**Assignment:** From the first line to the last, give the material again exactly, without the images.

**Source material:**

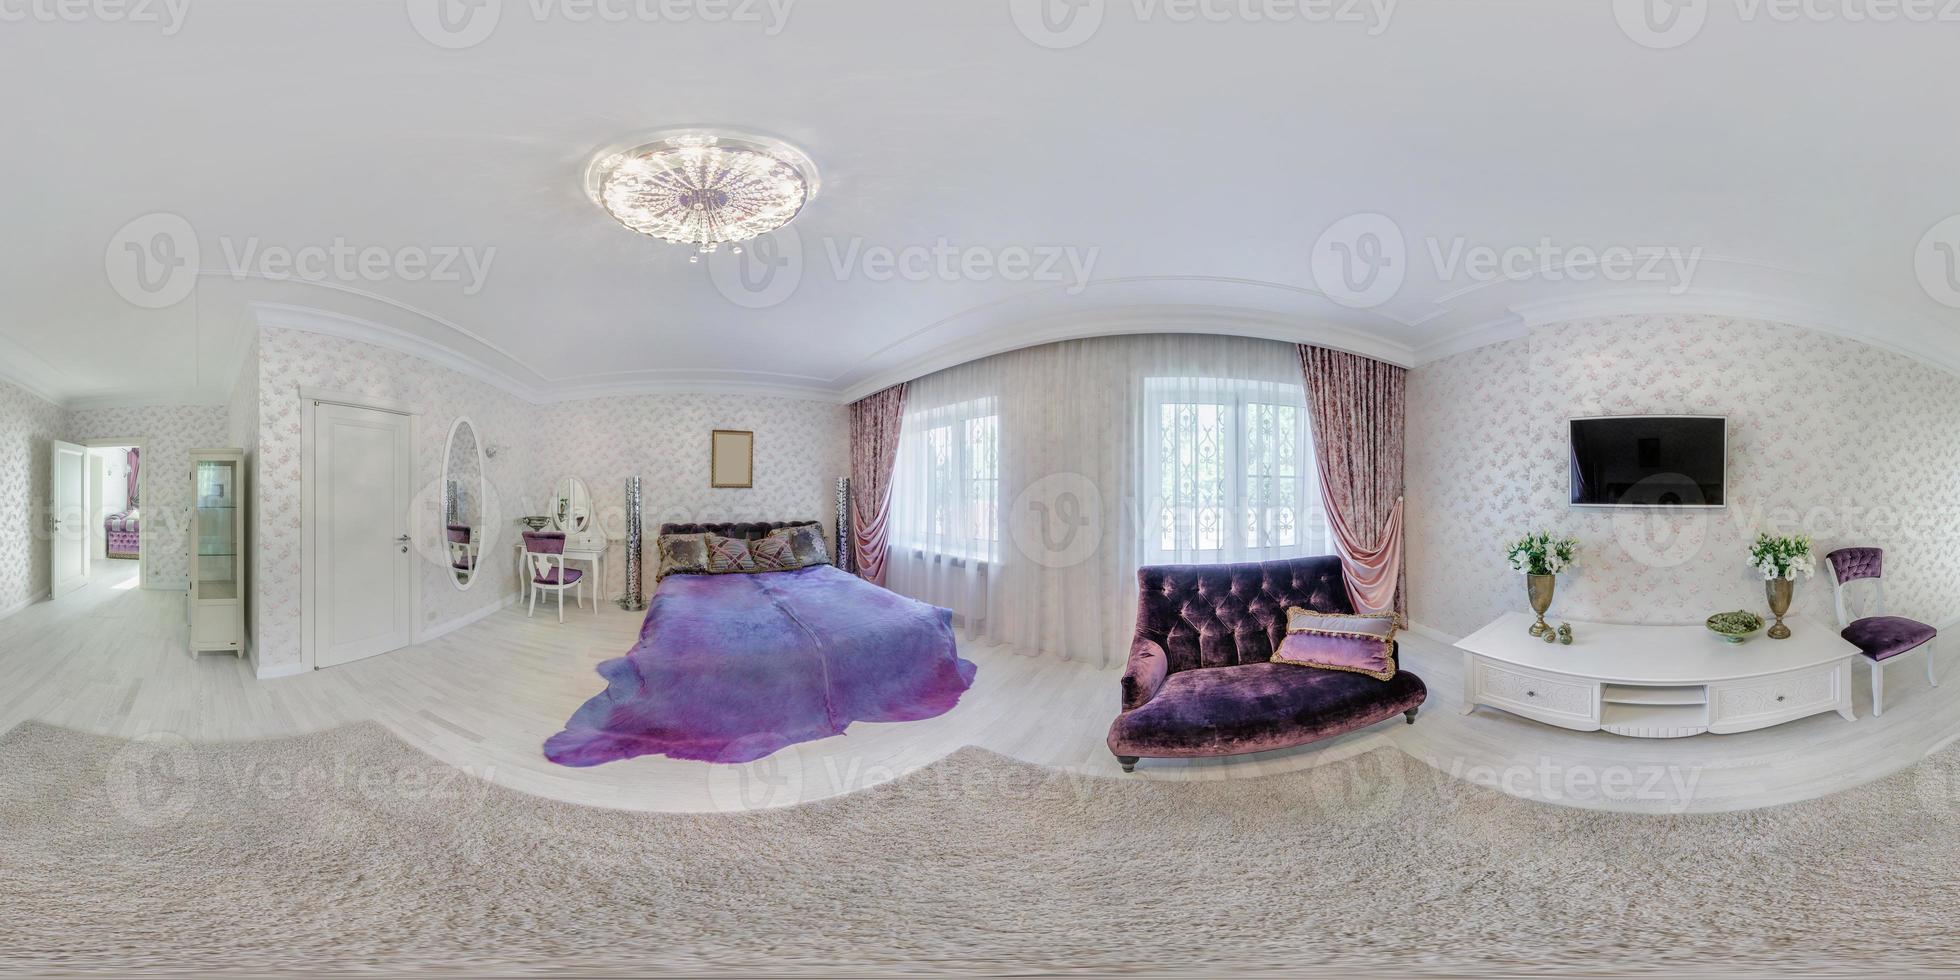 vol hdri 360 panorama visie in slaapkamer kamer in luxe de elite vip duur hotel of appartement in equirectangular naadloos bolvormig projectie, vr ar inhoud foto
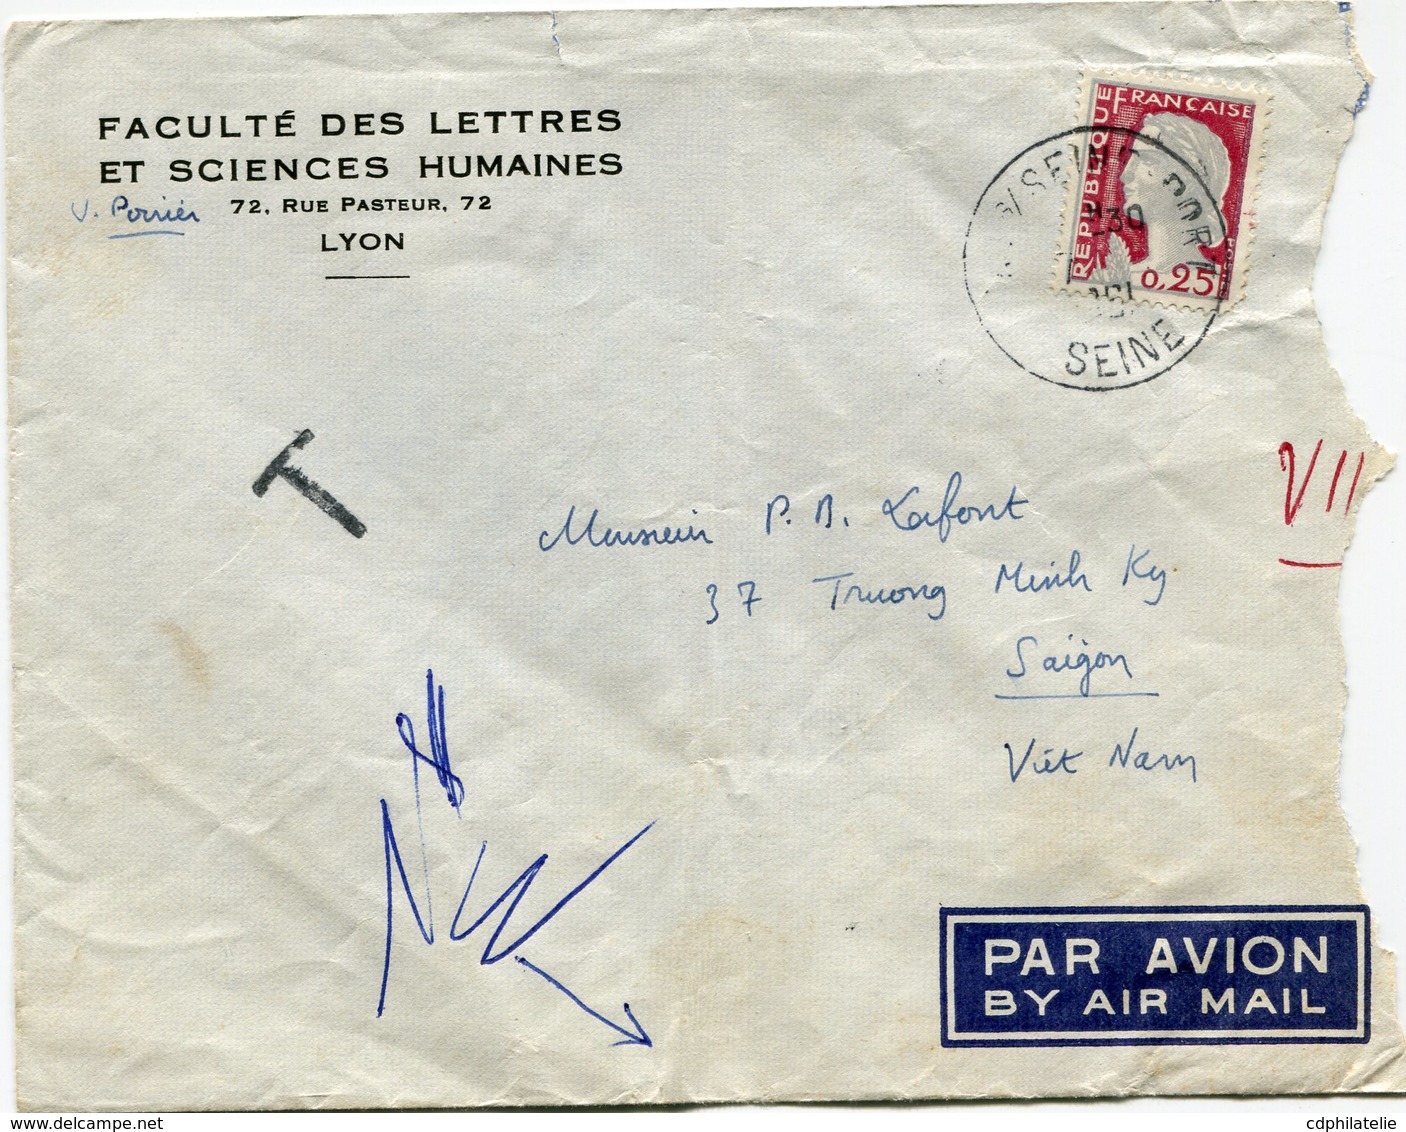 FRANCE LETTRE PAR AVION DEPART ? S/SEINE PORT ?-?-1961 SEINE TAXEE A L'ARRIVEE A SAIGON LE 11-?-1961 VIETNAM - 1960 Marianne (Decaris)
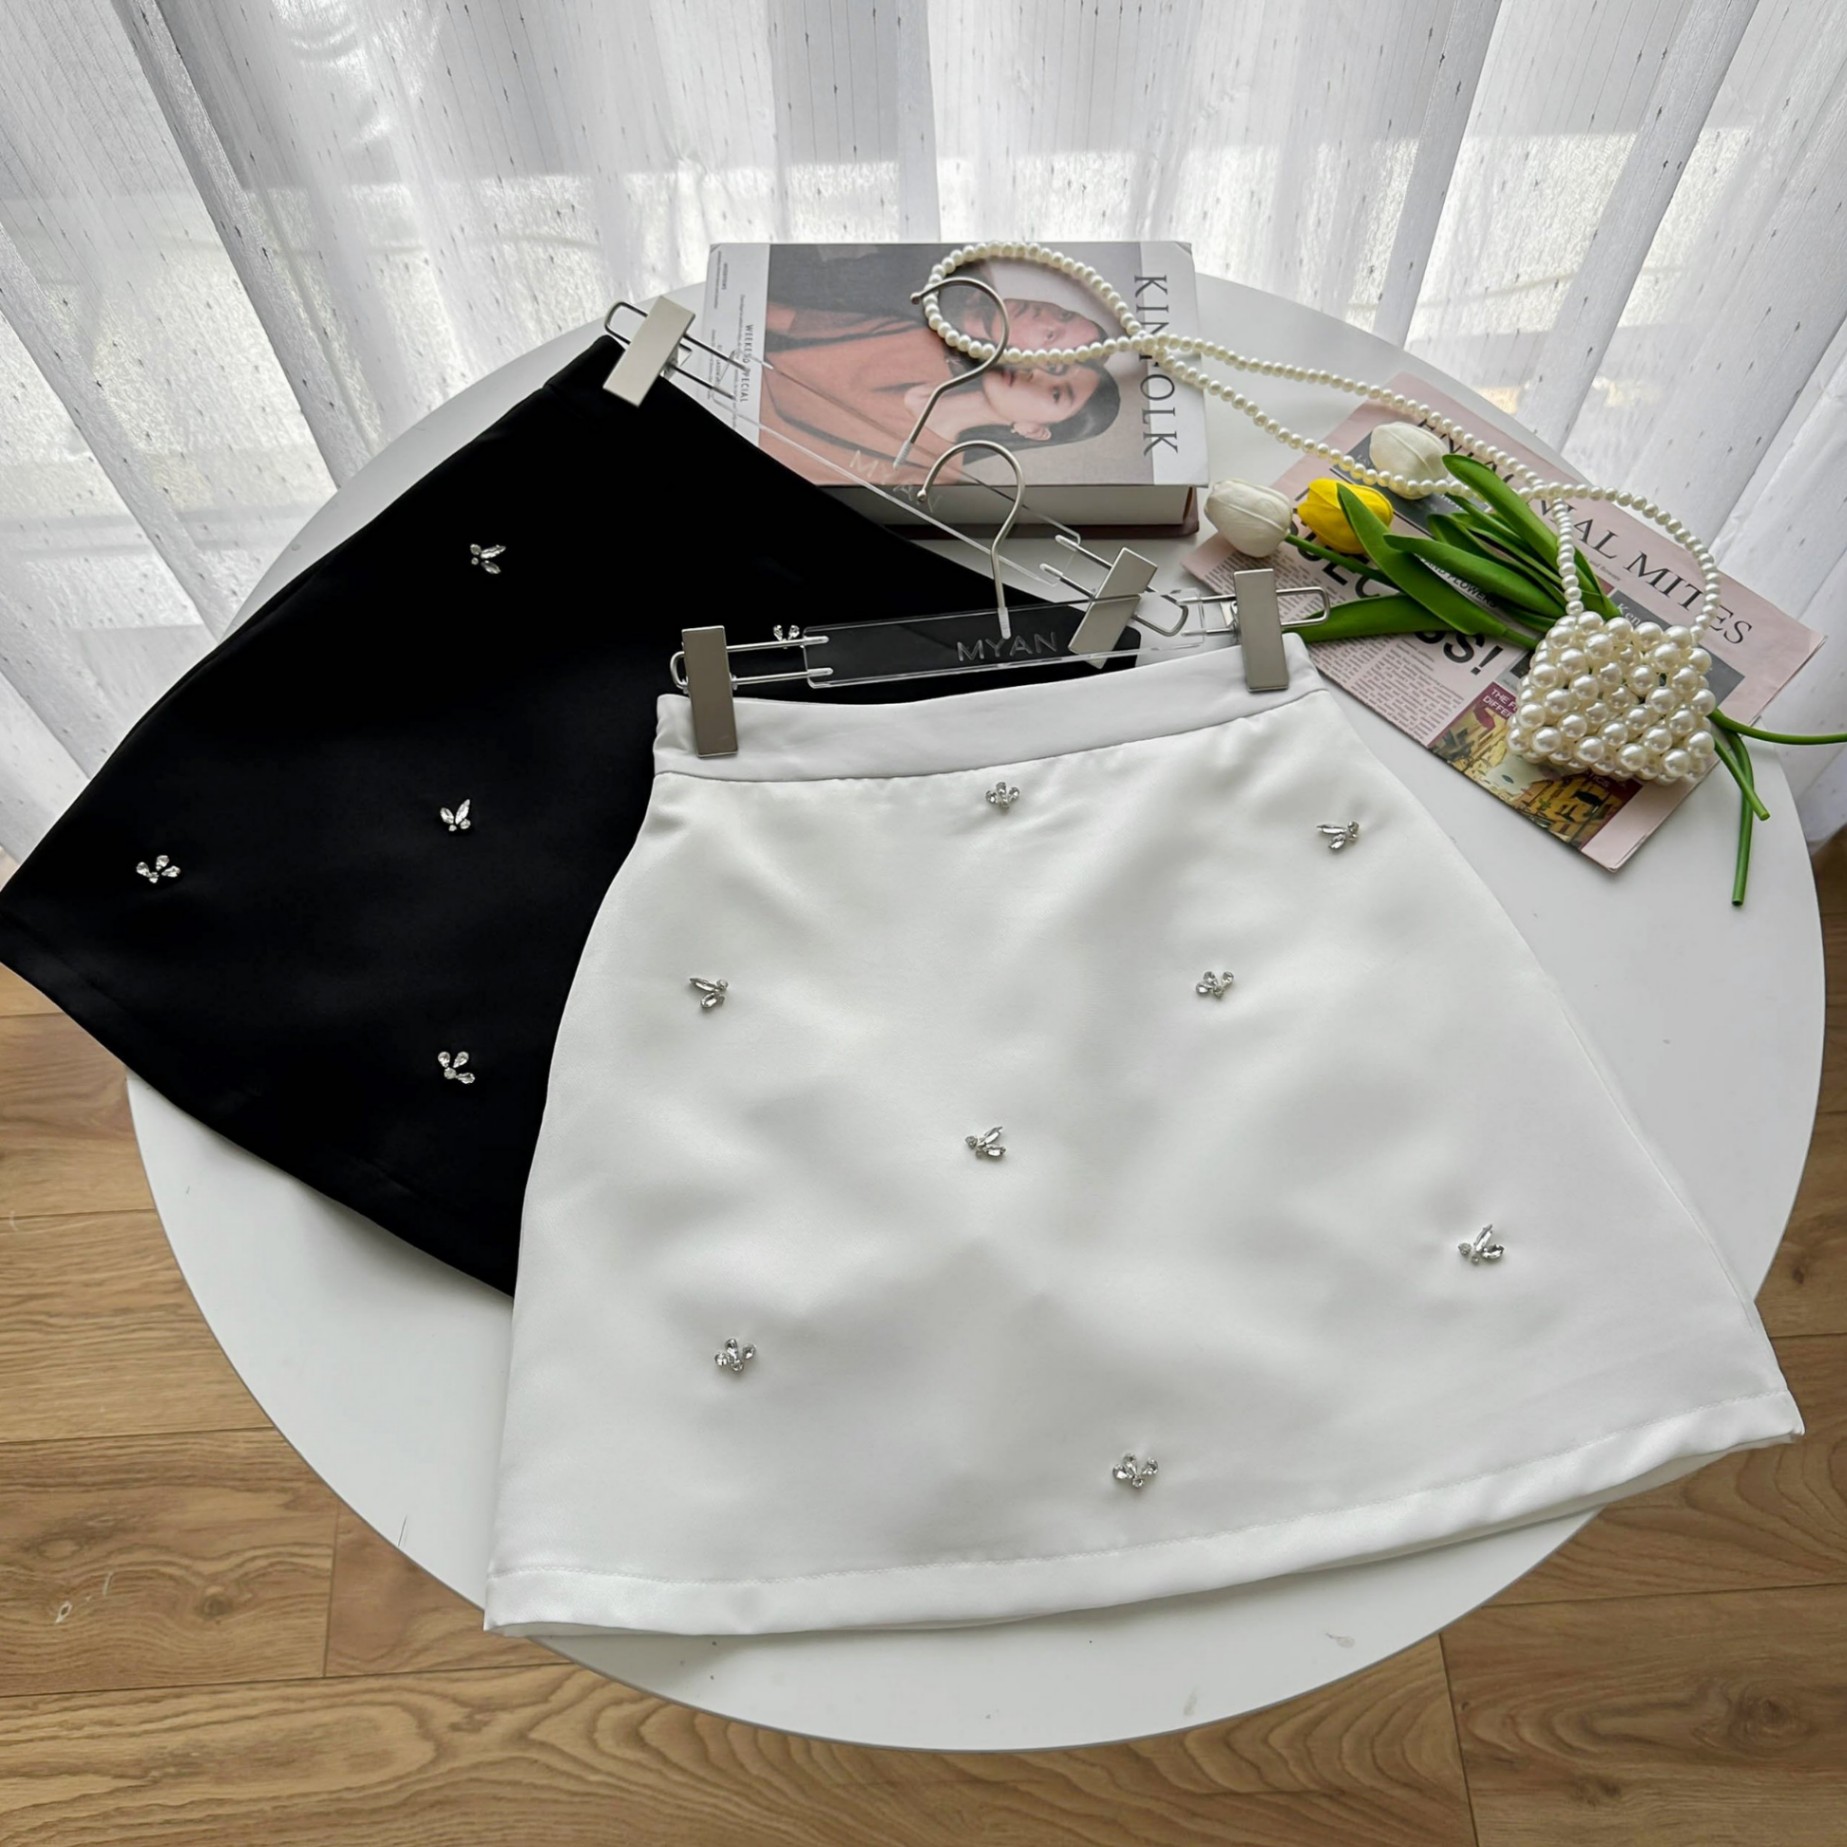 Mẫu váy cưới trắng đẹp của NTK Quyên Nguyễn | Quyên Nguyễn Bridal

**Task output:**
 vol hdri 360 panorama visie in slaapkamer kamer in luxe de elite vip duur hotel of appartement in equirectangular naadloos bolvormig projectie, vr ar inhoud foto
 FRANCE LETTRE PAR AVION DEPART ? S/SEINE PORT ?-?-1961 SEINE TAXEE A L'ARRIVEE A SAIGON LE 11-?-1961 VIETNAM - 1960 Marianne (Decaris)
 Mẫu váy cưới trắng đẹp của NTK Quyên Nguyễn | Quyên Nguyễn Bridal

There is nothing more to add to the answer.